The securities of Aroundtown have not been, and will not be, registered under the Securities Act. This publication is not an extension of an offer in the United States for securities of Aroundtown. An offer for the sale of Convertible Bonds is not being made within the United States or to, or for the account or benefit of, persons located or resident in the United States or to, or for the benefit of, U.S. Persons. In the United Kingdom, this document is only being distributed to and is only directed at persons who
(i) are investment professionals falling within Article 19(5) of the Financial Services and Markets Act 2000 (Financial Promotion) Order 2005 (as amended) (the "Order") or (ii) are persons falling within Article 49(2)(a) to (d) of the Order (high net worth companies, unincorporated associations, etc.) (all such persons together being referred to as "Relevant Persons").
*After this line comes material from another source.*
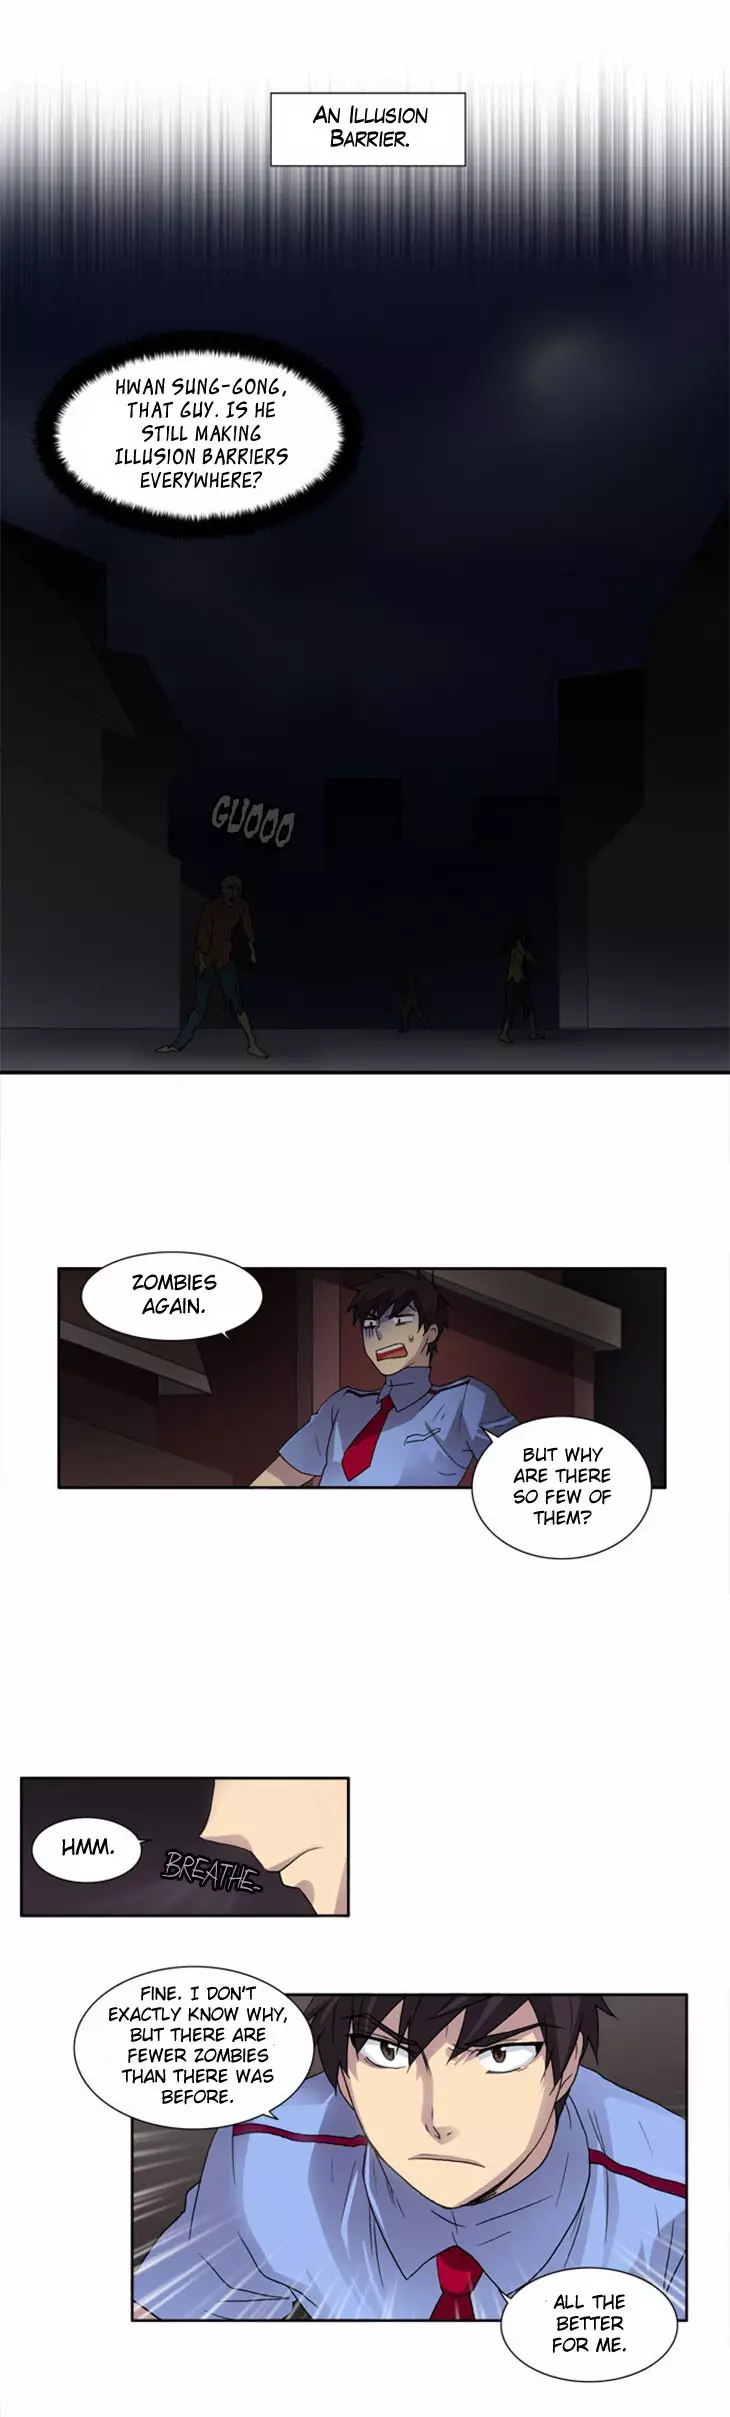 The Gamer - 11 page p_00026

This document is directed only at Relevant Persons and must not be acted on or relied on by persons who are not Relevant Persons. Any investment or investment activity to which this document relates is available only to Relevant Persons and will be engaged in only with Relevant Persons.

 

In member states of the European Economic Area ("EEA") which have implemented the Prospectus Directive (each, a "Relevant Member State"), this announcement and any offer if made subsequently is directed exclusively at persons who are "qualified investors" within the meaning of the Prospectus Directive ("Qualified Investors"). For these purposes, the expression "Prospectus Directive" means Directive 2003/71/EC as amended, including by Directive 2010/73/EU, and includes any relevant implementing measure in the Relevant Member State and the expression "2010 PD Amending Directive" means Directive 2010/73/EU.

 

No action has been taken that would permit an offering of the securities or possession or distribution of this announcement in any jurisdiction where action for that purpose is required. Persons into whose possession this announcement comes are required to inform themselves about and to observe any such restrictions.

 

This information contains forward-looking statements that are based upon current views and assumptions of the Aroundtown management, which were made to its best knowledge. Forward-looking statements are subject to known and unknown risks, uncertainties and other factors which could cause the earnings position, profitability, performance or the results of Aroundtown or the success of the housing industry to differ materially from the earnings position, profitability, performance or the results expressly or implicitly assumed or described in these forward-looking statements. In consideration of these risks, uncertainties and other factors, persons receiving these documents are advised not to unreasonably rely on these forward-looking statements. Aroundtown does not assume any obligation to update such forward-looking statements and to adjust them to any future results and developments.